ITEM 8.01             OTHER EVENTS.

 

The information filed in Item 5.02 above is incorporated by reference herein.

 

Cautionary Statements

 

This filing includes “forward-looking statements” within the meaning of Section 27A of the Securities Act of 1933, as amended, and Section 21E of the Securities Exchange Act of 1934, as amended.  All statements other than statements of historical facts included or incorporated herein may constitute forward-looking statements.  Actual results could vary significantly from those expressed or implied in such statements and are subject to a number of risks and uncertainties.  Although we believe that the expectations reflected in the forward-looking statements are reasonable, we can give no assurance that such expectations will prove to be correct.  The forward-looking statements involve risks and uncertainties that affect our operations, financial performance and other factors as discussed in our filings with the Securities and Exchange Commission.  Among the factors that could cause results to differ materially are those risks discussed in our Form 10-K/A for the year ended December 31, 2006, as filed with the SEC.  You are urged to carefully review and consider the cautionary statements and other disclosures made in those filings, specifically those under the heading “Risk Factors.”  We do not undertake any duty to update any forward-looking statement.

 

Although we believe that the expectations reflected in the forward-looking statements, specifically those including those referring to future performance, growth, cash flow, operating income, distributable cash flow (DCF), distributions, or other factors, are reasonable, these forward-looking statements are not guarantees of future performance and we can give no assurance that such expectations will prove to be correct and that projected performance or distributions may not be achieved.  Among the factors that could cause results to differ materially are those risks discussed in our Form S-1, as amended, our Annual Report on Form 10-K/A for the year ended December 31, 2006, and our Quarterly Reports on Form 10-Q, as amended, each as filed with the SEC.  You are also urged to carefully review and consider the cautionary statements and other disclosures, including those under the heading “Risk Factors,” made in those filings, which identify and discuss significant risks, uncertainties and various other factors that could cause actual results to vary significantly from those expressed or implied in the forward-looking statements.  We do not undertake any duty to update any forward-looking statement.

 

MarkWest Energy Partners and MarkWest Hydrocarbon filed a definitive joint proxy statement/prospectus and other documents with the Securities and Exchange Commission (the “SEC”) in relation to the merger transaction announced on September 5, 2007.  Investors and security holders are urged to read these documents carefully because they contain important information regarding MarkWest Energy Partners, MarkWest Hydrocarbon, and the transaction.
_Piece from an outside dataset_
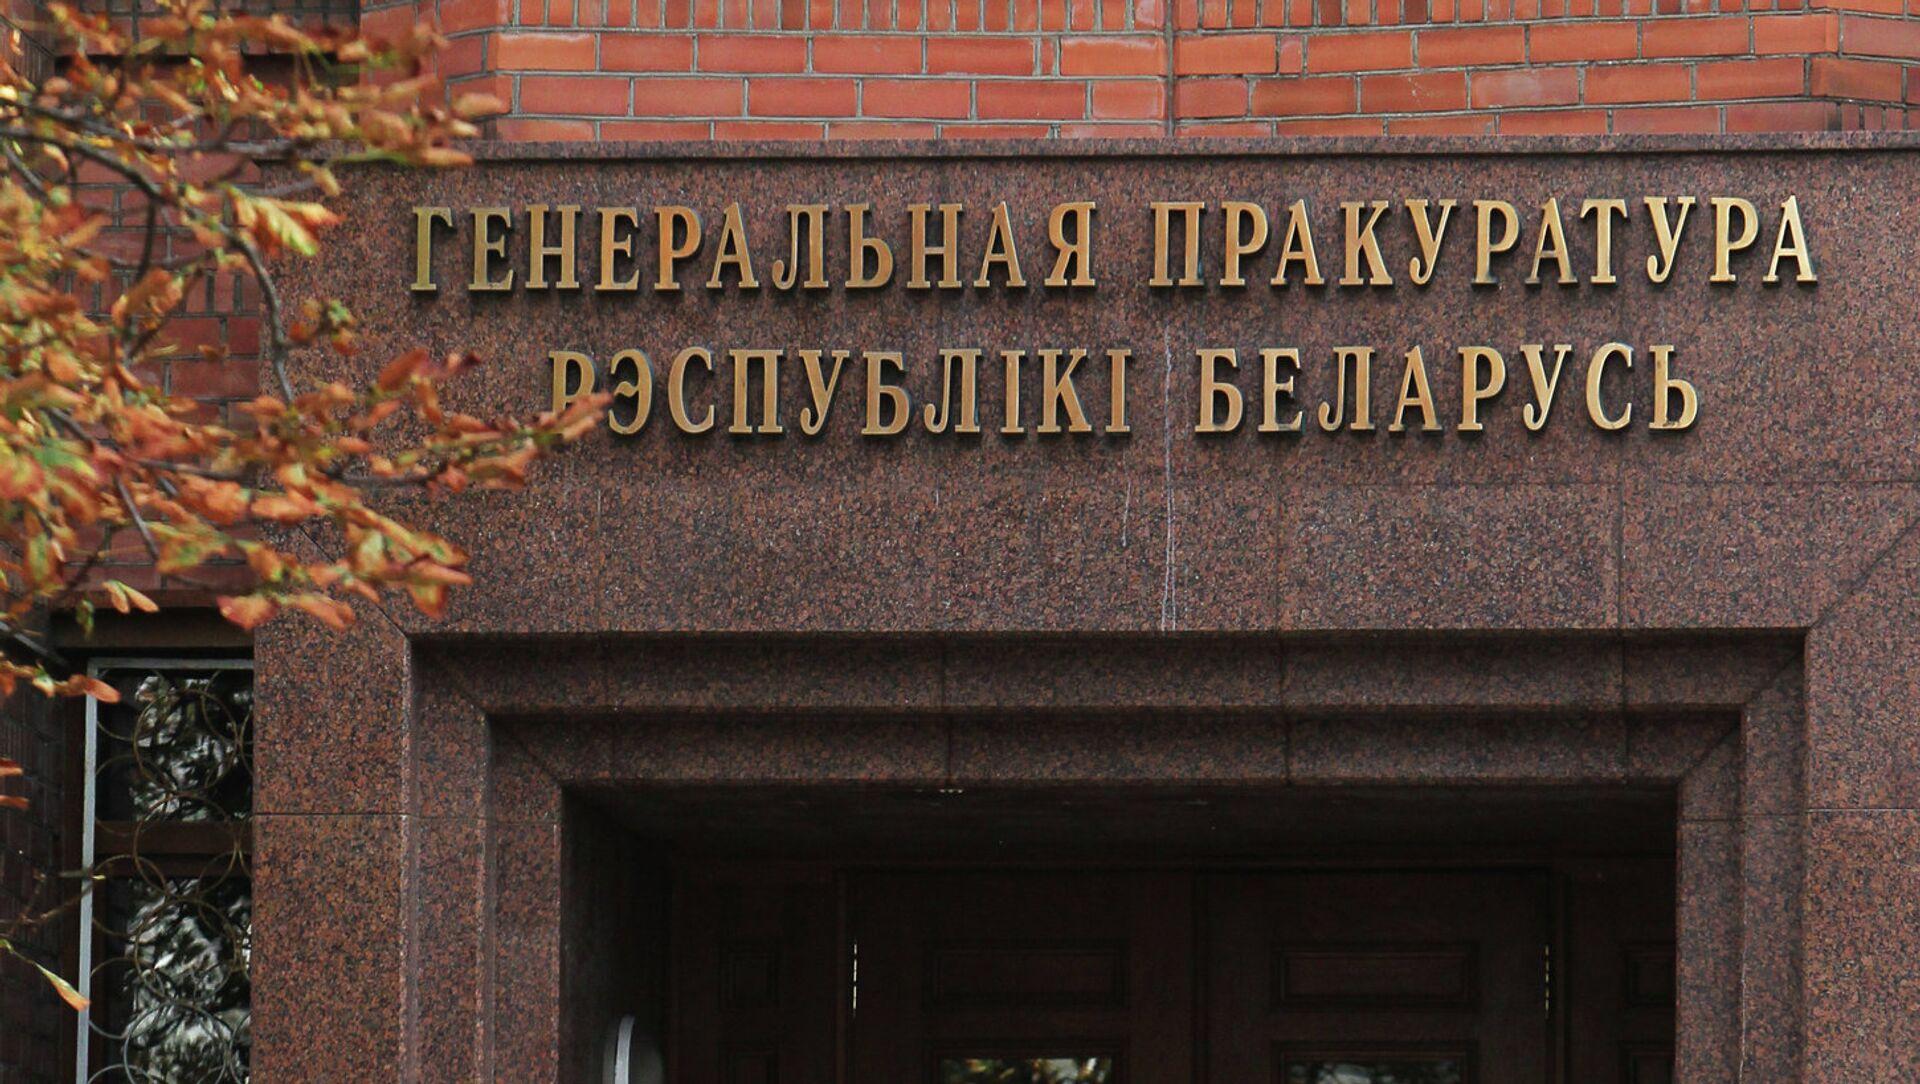 Здание генеральной прокуратуры Беларуси - Sputnik Беларусь, 1920, 25.03.2021
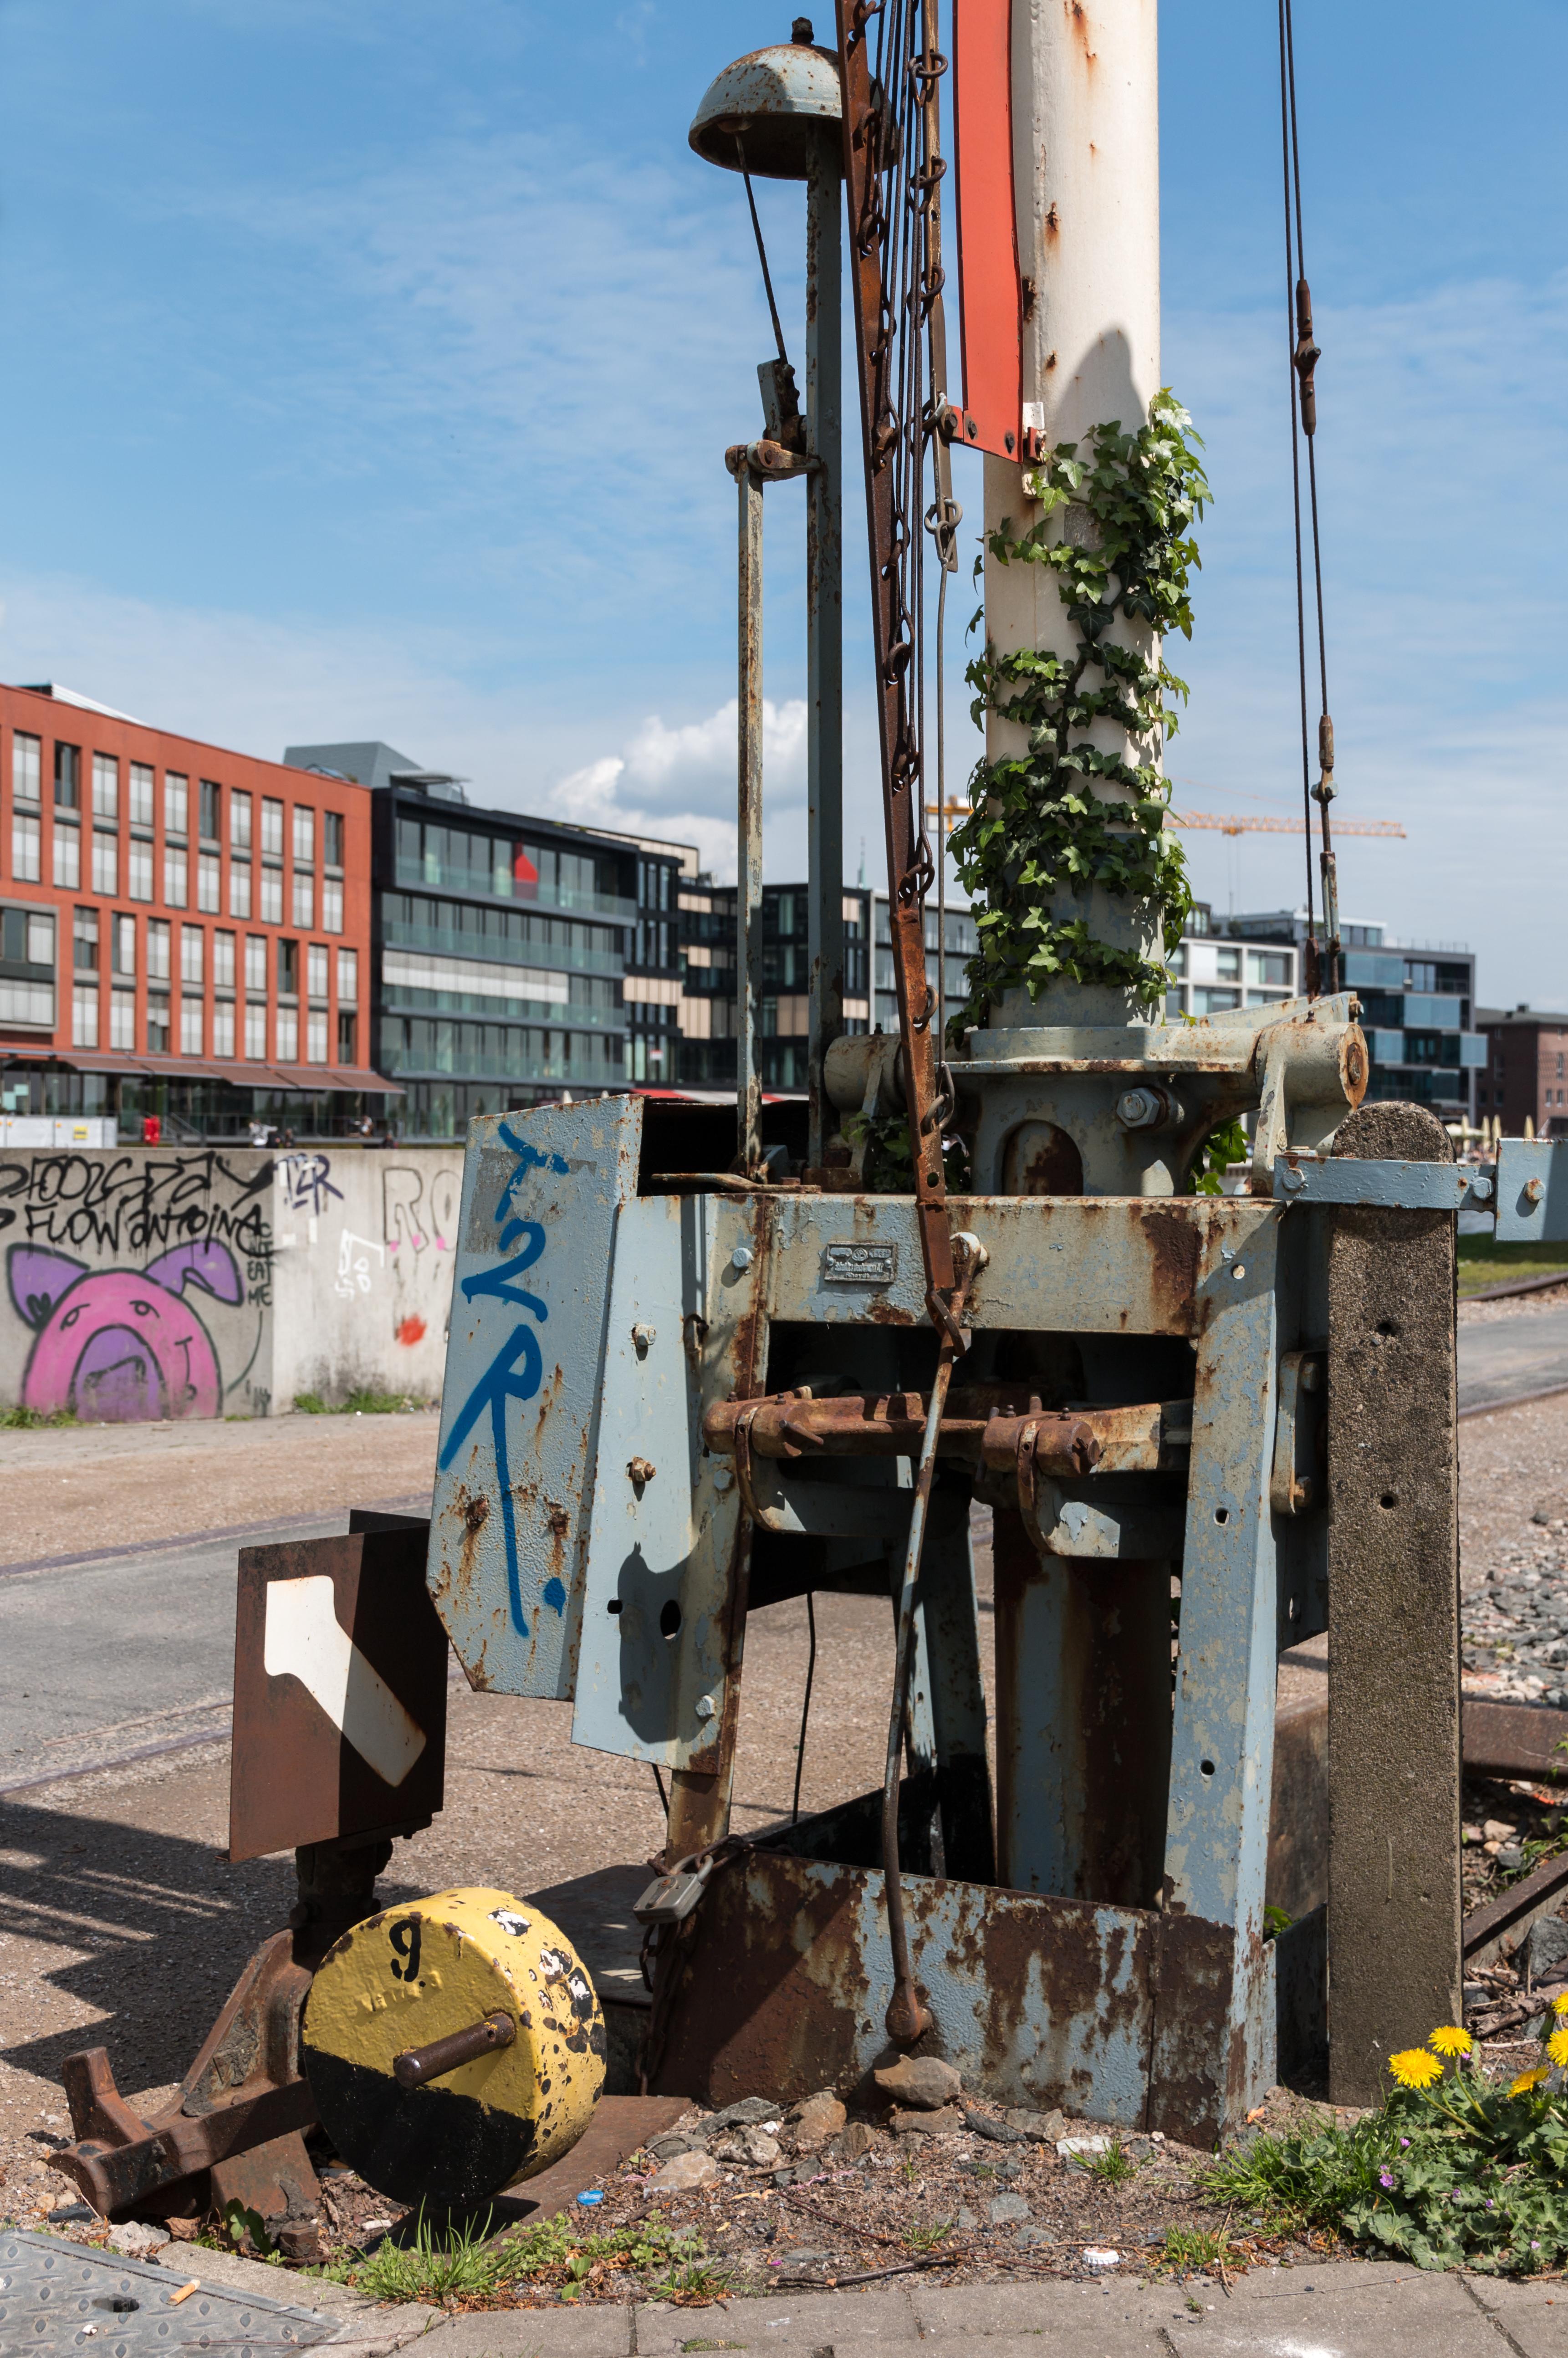 File:Münster, Alte Schranke im Hafen -- 2015 -- 5812.jpg ...

A definitive joint proxy statement/prospectus has been sent to security holders of MarkWest Energy Partners and MarkWest Hydrocarbon seeking their approval of the transactions contemplated by the redemption and merger agreement. Investors and security holders may obtain a free copy of the joint proxy statement/prospectus and other documents containing information about MarkWest Energy Partners and MarkWest Hydrocarbon, without charge, at the SEC’s website at www.sec.gov. Copies of the joint proxy statement/prospectus and the SEC filings that will be incorporated by reference in the joint proxy statement/prospectus may also be obtained free of charge by directing a request to the entities’ investor relations department at 866-858-0482, or by accessing the companies’ website at www.markwest.com.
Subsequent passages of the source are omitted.